Relapse vs. Pseudorelapse

Relapse vs. Pseudorelapse

by Dr. James W. Stark

Patients with multiple sclerosis can exhibit worsened symptoms for a few different reasons. As physicians, we use certain terms differently from how they are used in regular speech and this can generate some confusion. For example, we reserve the term ‘relapse’ for new or worsened symptoms, which are due to new inflammatory MS activity in the brain or spinal cord. Usually in a true ‘relapse’, the new symptoms manifest over a few hours or days and then plateau over a few days to weeks and then slowly improve over weeks to months. Steroids will often more rapidly improve this kind of worsening but steroids are actually not always necessary. Additionally, the vast majority of the time, this kind of worsening is associated with a change on MRI.

Another way MS patients can experience worsening is called a pseudorelapse. When physicians use this term, we are also referring to worsened neurologic symptoms; however the underlying cause of the worsening is not from new immune system activity or inflammation, but rather from the damage that has occurred from previous inflammation. This is very important because the treatment of this is generally not IV steroids, but determining what could be affecting the body to bring out ‘old’ symptoms. There are a number of stressors that can affect the body and MS in this manner. These include increased body temperature (from a fever, over-exercising, hot tub/sauna….), infection even in the absence of fever (the flu, urinary tract, sinus, and skin infections…), trauma, surgery, new medications, other medical conditions (high blood sugar in diabetics, for example) and psychological stress to name a few. A pseudorelapse is not associated with an active MS lesion on MRI.
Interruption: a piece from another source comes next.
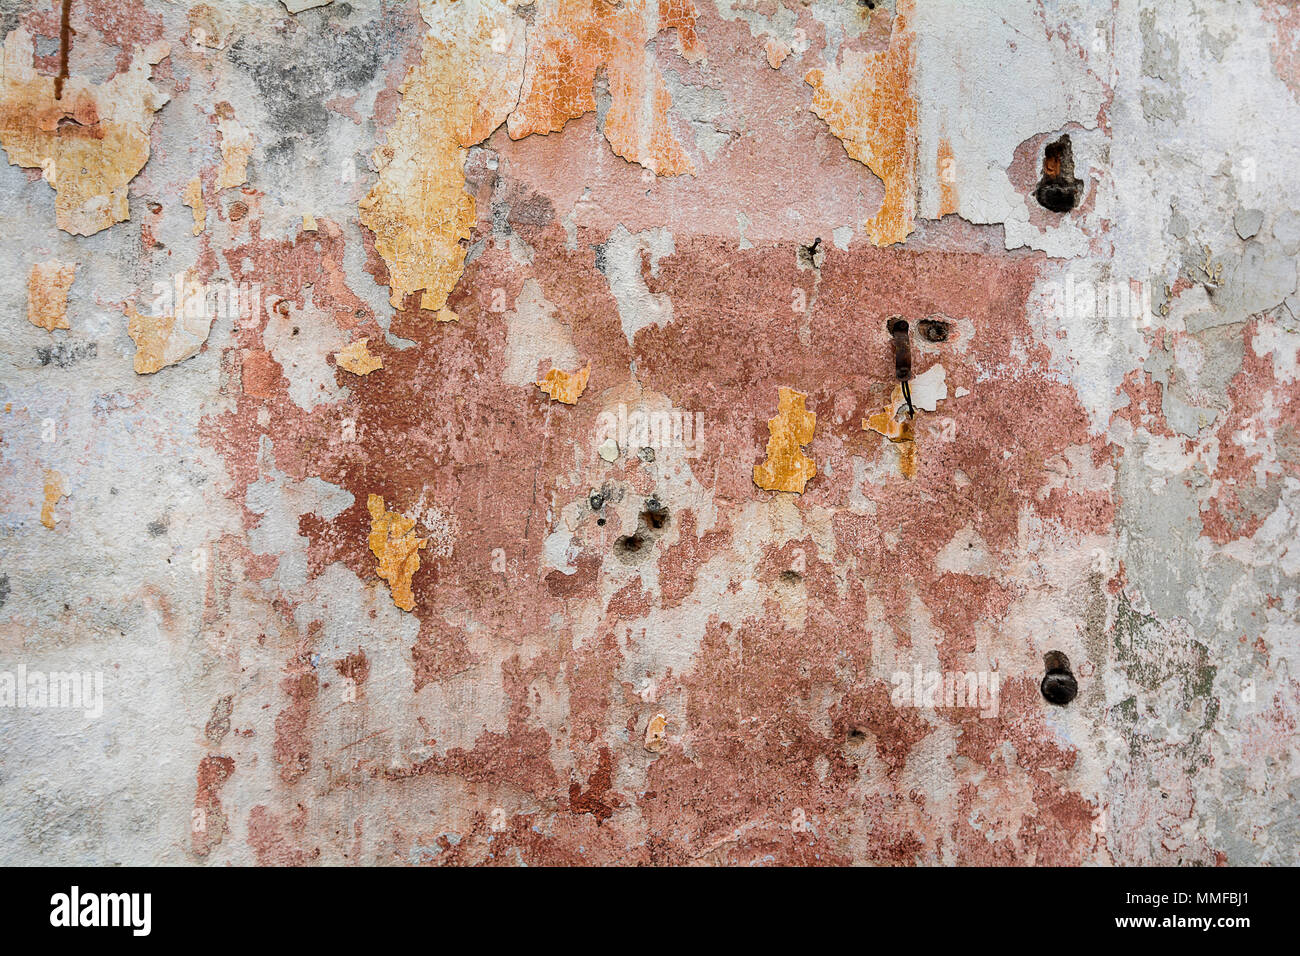 Photo of a colorful old decaying brick wall with peeling paint and stucco. Great for a background image or a texture. Stock Photo

There are a variety of clues to help differentiate between a relapse and pseudorelapse. Occasionally, however, it can be difficult to distinguish and further ancillary testing, such as an MRI, is required. Here are some quick tips to try to differentiate between the two.

(NOTE: Please call the office if you’re having new symptoms, this article is meant to be an educational tool only.)

 

Timing: If the worsened symptoms fluctuate, and especially if they resolve completely and then return, that is a good sign you may be experiencing a pseudorelapse. This is one of the reasons that we rarely treat an MS relapse within 24 hours of symptom onset. Unlike a stroke, there is no evidence that rapid initiation of steroids is better and we want to judge whether symptoms may improve on their own.

 

Old symptoms: The recurrence of old symptoms is more common in a pseudorelapse. Generally, MS does not result in repeated inflammation in the exact same part of the brain, so it is unlikely that patients will experience another true relapse exactly the way their previous relapses presented.

 

Localization: Localization is the term in neurology for identifying the location of the lesion within the brain or spinal cord based on the pattern of symptoms. Occasionally, neurologists can say for sure that there is no place that a lesion in the central nervous system could cause all of the current symptoms. This would indicate to us that another process (like infection, medication, stress) may be going on, which is causing the generalized worsening, rather than a new, active MS lesion.

 

Types of symptoms: Some worsened symptoms are much more likely to be a pseudorelapse than a relapse. These include sudden worsening of spasticity and pain, which are certainly seen in MS, but are rarely due to an acute relapse. As neurologists, we use all of these points to help us evaluate what is going on when a patient feels worse. We rely on your history, especially the time course and pattern of symptoms, and use the laboratory testing and MRI additionally when needed.